The Languages of El Salvador is what the country has been influenced throughout its history from the roots of the indigenous languages. Spanish is the official language of El Salvador, plus the indigenous as recognized languages:

El idioma oficial de El Salvador es el castellano. El gobierno está obligado a velar por su conservación y enseñanza. Las lenguas autóctonas que se hablan en el territorio nacional forman parte del patrimonio cultural y serán objeto de preservación, difusión y respeto.
The official language of El Salvador is Castilian. The government is required to ensure its conservation and teaching. The indigenous languages spoken in the national territory are part of the cultural heritage and will be preserved, disseminated and respected.
— Article 62 from the Constitution of El Salvador of 1983

There are also foreign languages that came from immigrants of the world and its descendants such as English, French, Italian, among others.

==Indigenous languages==

Map of El Salvador's Indigenous Peoples at the time of the Spanish conquest:
1. Pipil people, 2. Lenca, 3. Cacaopera, 4. Xinca, 5. Maya Ch'orti' people, 6. Maya Poqomam people, 7. Mangue (Chorotega).

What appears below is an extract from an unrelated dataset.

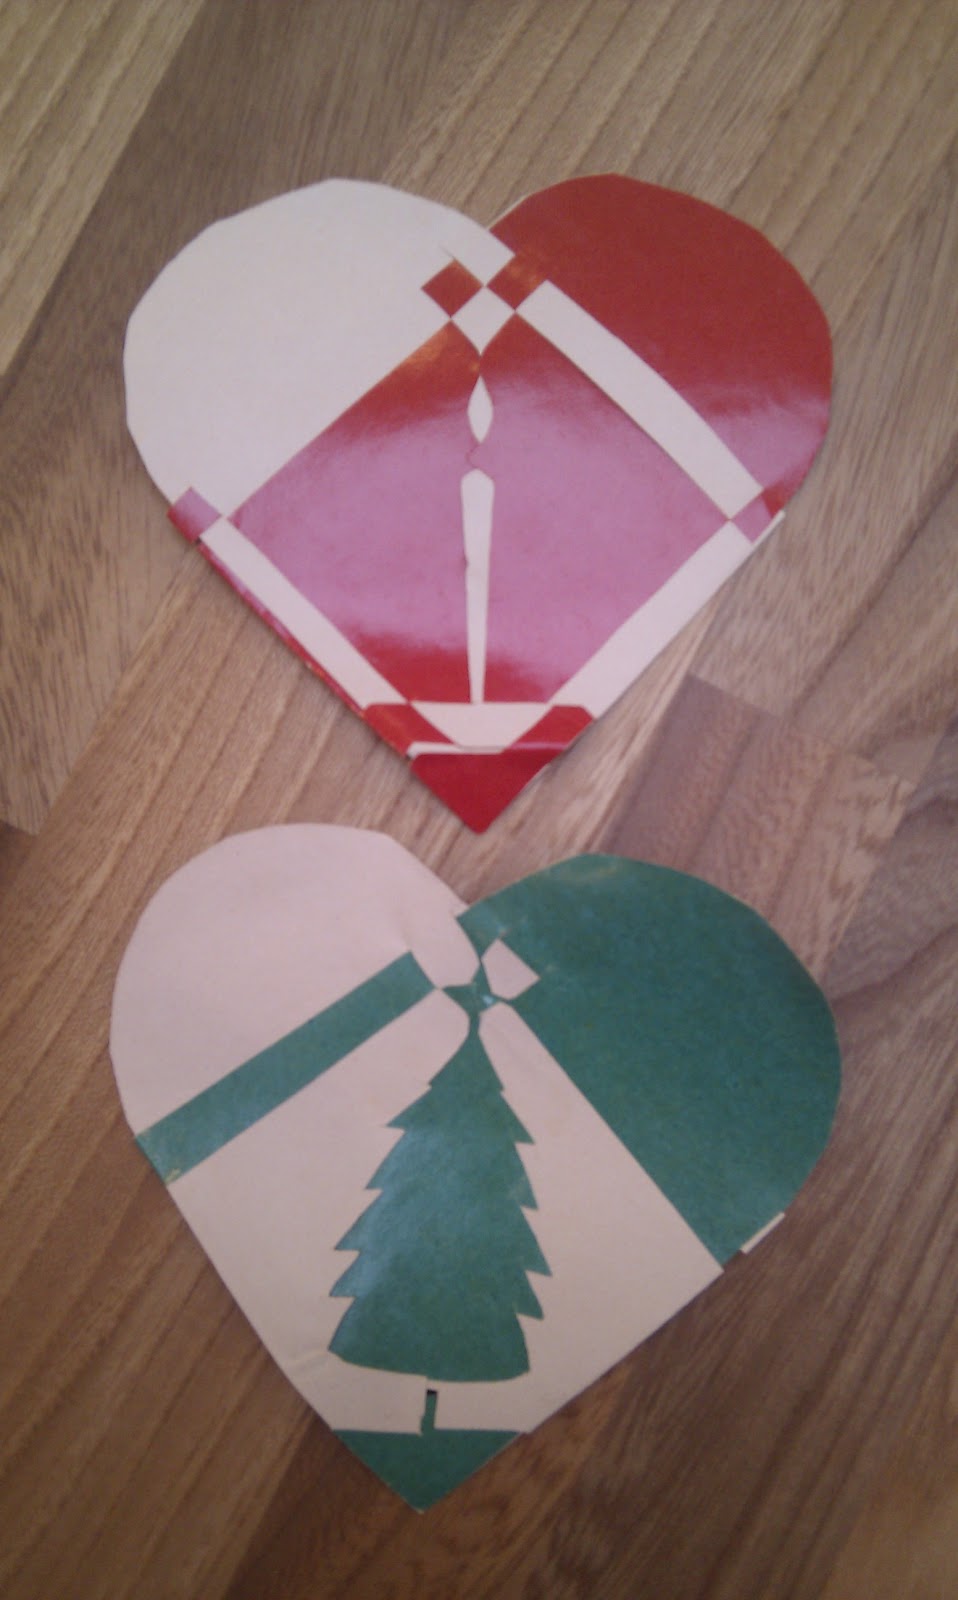 I 'Heart' Danish Christmas!
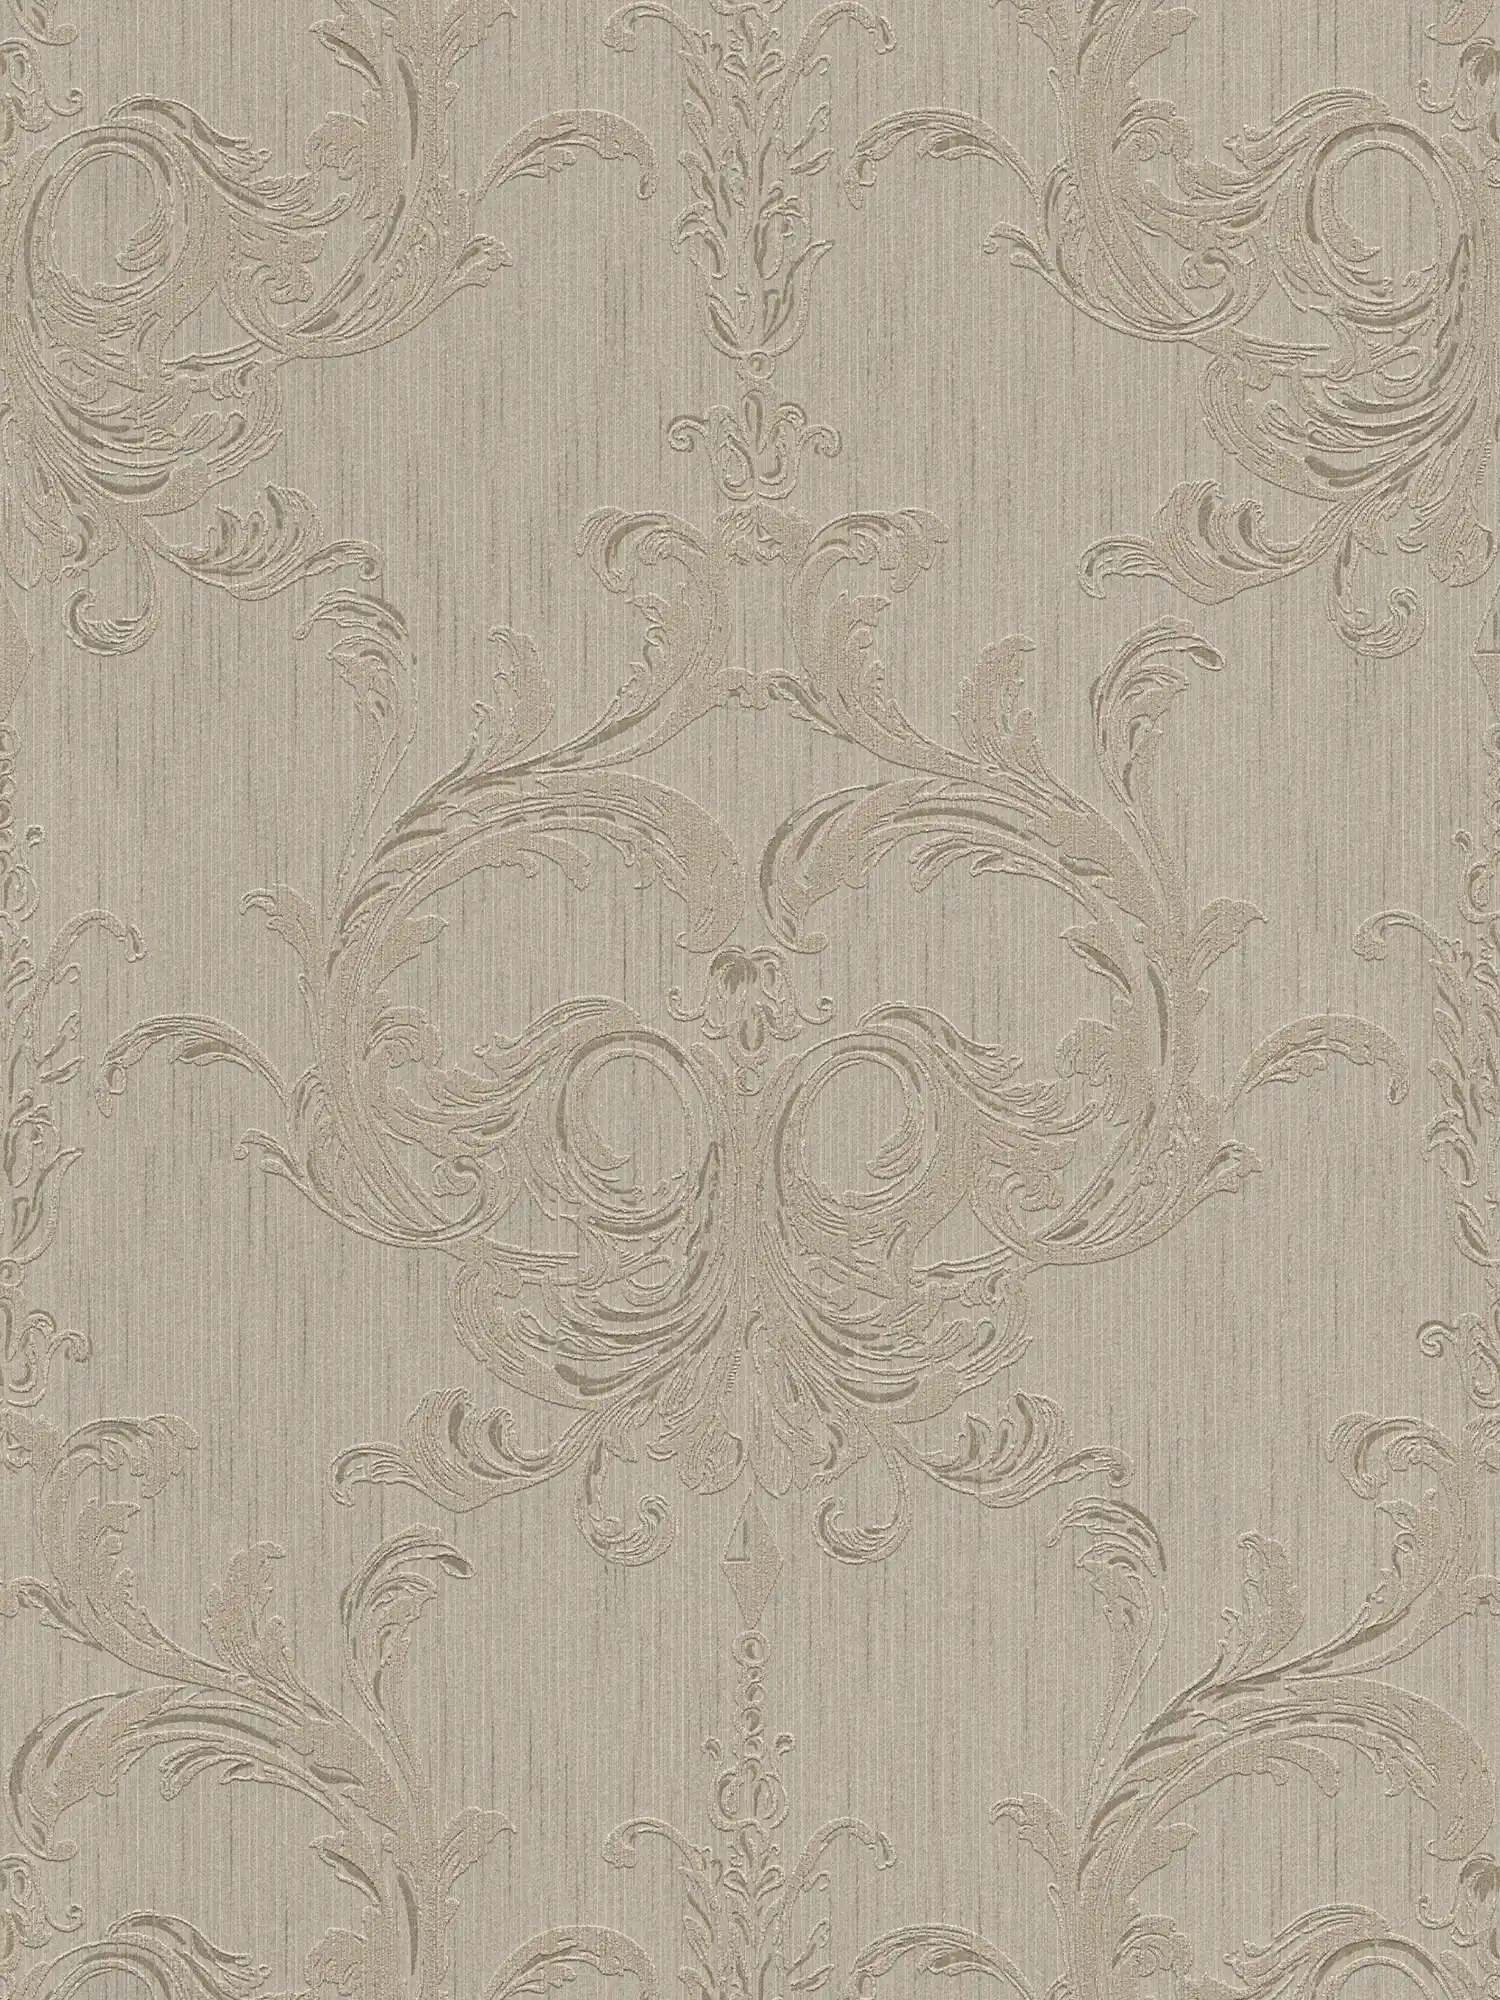 Elegante Tapete mit filigranem Ornament Design – Braun

Before colonization, El Salvador had seven indigenous languages, most of which have become extinct:
=== Endangered languages ===
- Nawat is spoken by the Pipil, considered the most widely spoken indigenous language in the country, with more than a thousand speakers.

=== Extinct languages ===
- Cacaopera (†) was spoken in the department of Morazán.
- Mayans spoke Poqomam in the west of the Santa Ana Department; and Chʼortiʼ, which was the main language of the Chalatenango Department and northern Santa Ana, before being conquered by the Spanish in the mid-1530s. Both languages are spoken in Guatemala.
- The Xinca group (†), was located in the west of the Ahuachapán Department, being more widespread in adjoining areas of Guatemala.
- Mangue (†) was located in the east of the La Unión Department.
- Potón (†) was spoken by the Lenca, located in the eastern part of the country.

==Spanish==

Spanish is the most widely spoken language for historical reasons of European colonialization, which is present as the official language since the Constitution of 1962. The last revision was the Constitution of the Republic of 1983, which is indicated in Article 62 of the Third Section, Chapter II. This Central American dialect certainly has the Yeísmo in its allophones and the seseo like any other Spanish American country; its form of respect for the second person represents the voseo, although the tuteo is preserved alternatively and the term usted as a formal treatment.

==Sign Languages==

The Salvadoran Sign Language (SSL), has been officially recognized since 2005 and has various Salvadoran associations for the deaf culture mixed with American Sign Language (ASL). Among them are the Salvadoran Association of the Deaf, the Association for the Integral Development of the Salvadoran Deaf Community (ASDICSSA) and the Pro Education Foundation of El Salvador (FUNPRES).

== Foreign Languages ==
El Salvador has approximately 7% of the population who speak foreign languages by the foreign communities of the country mentioned by some of these.

- English is the language spoken by almost half of El Salvadors population academically, economically and socially, ranked as the fiftieth in the world with a moderate score of 524.
- French is present in its community for migration situations based on their stories, their education, and their economy.
- Italian is where its cultural influence was marked from the 19th Century that has its speaking community.